American white nationalist book publisher

Washington Summit Publishers (WSP) is a white nationalist publisher based in Augusta, Georgia, which produces and sells books on race and intelligence and related topics. The company is run by white supremacist Richard B. Spencer, who also ran the defunct white supremacist National Policy Institute.

==History==
Before Spencer, the company was run by Louis Andrews. He was also director of the National Policy Institute and managing editor of The Occidental Quarterly, both heavily funded by William Regnery II.

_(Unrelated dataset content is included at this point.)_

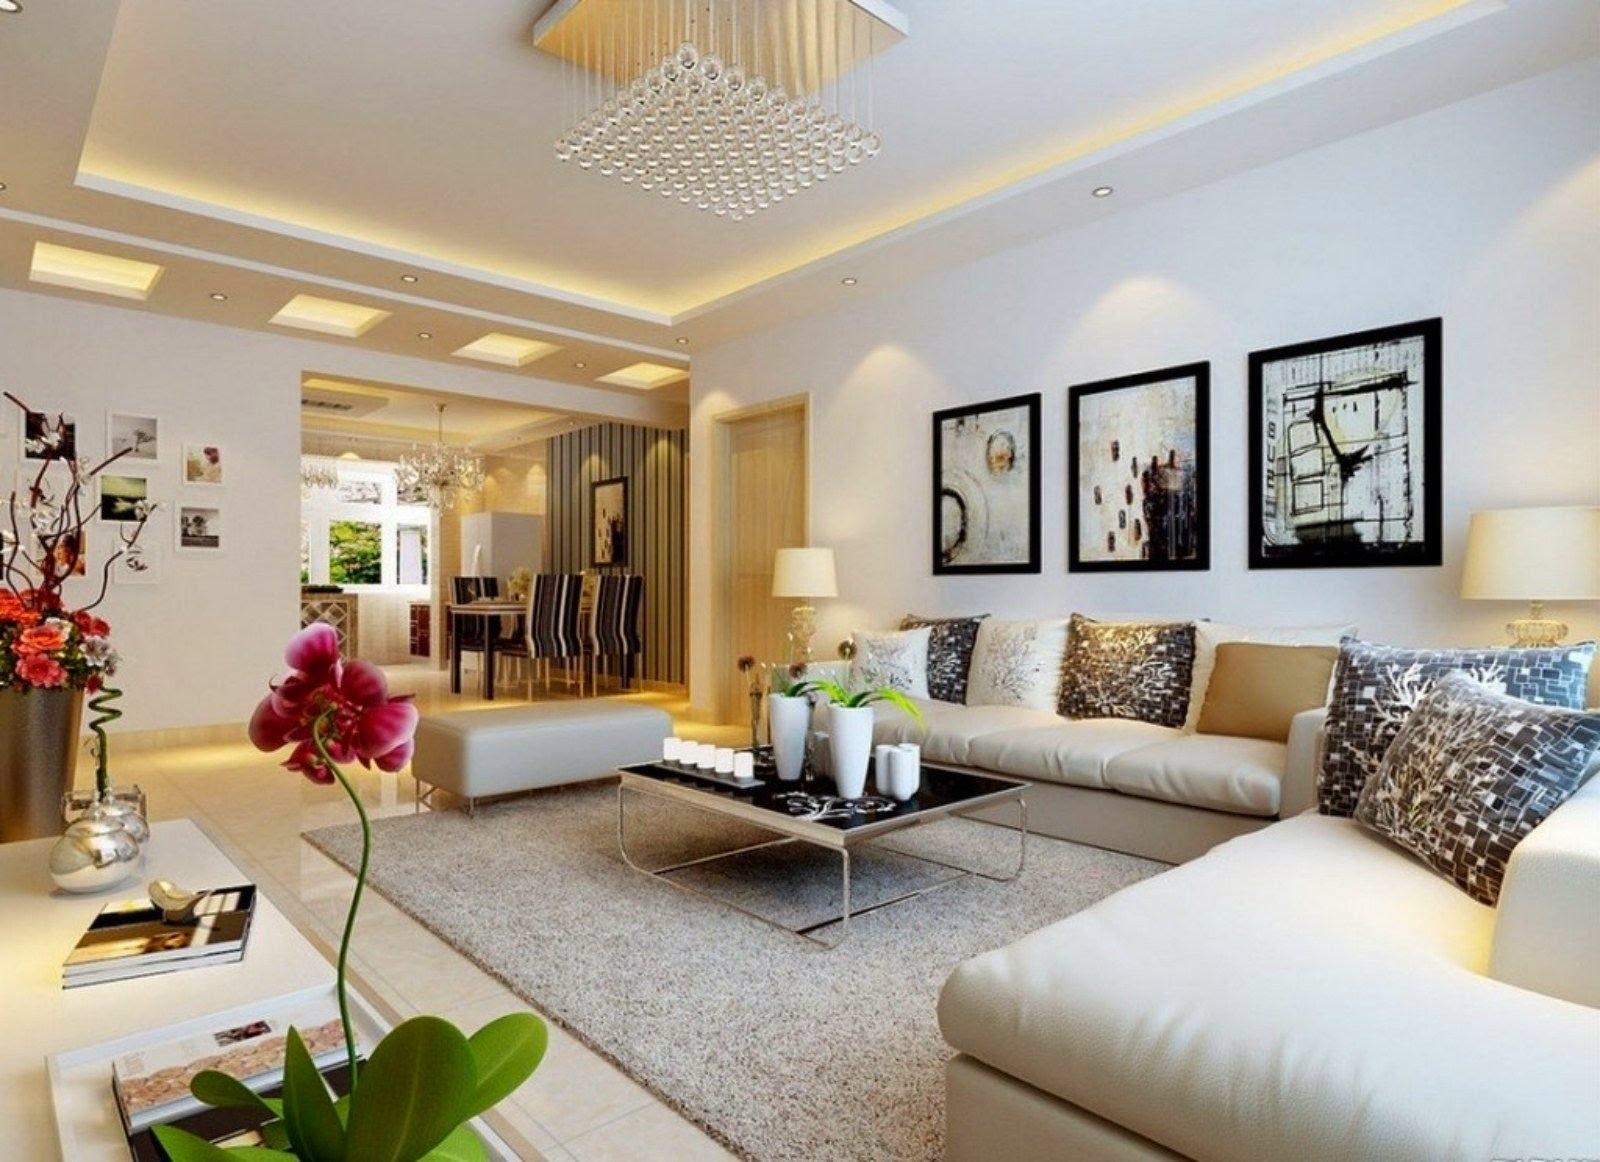 Home Design Ideas 2015 - HomeDIB

In 2013, the company was listed as being headquartered in Whitefish, Montana. As of 2019, the company had moved to Augusta, Georgia.

==Authors==
Authors published by WSP include J. Philippe Rushton, Kevin B. MacDonald, Richard Lynn, Tatu Vanhanen, and Michael H. Hart.

==Journal==
WSP published Radix Journal through its imprint Radix. Contributors have included Kerry Bolton, Peter Brimelow, Samuel T. Francis, Kevin B. MacDonald, William Regnery II, Alex Kurtagić, and Jared Taylor. The last article on RadixJournal.com was published in April 2021 and its last podcast episode was released in September of the same year; the website was taken offline in June 2023. Spencer started publishing a Substack under the name Radix Journal in April 2022, it later was rebranded as ALEXANDRIA.

==Subjects==
This company has published content supportive of white nationalism and white supremacy. "Human biodiversity" (HBD), an alt-right euphemism for scientific racism, was one of the main publishing subjects of Washington Summit Publishers. The Southern Poverty Law Center (SPLC) said in 2006 that the company had reprinted racist tracts along with books promoting antisemitism and eugenics. In 2015, the SPLC listed Washington Summit Publishers as a white nationalist hate group.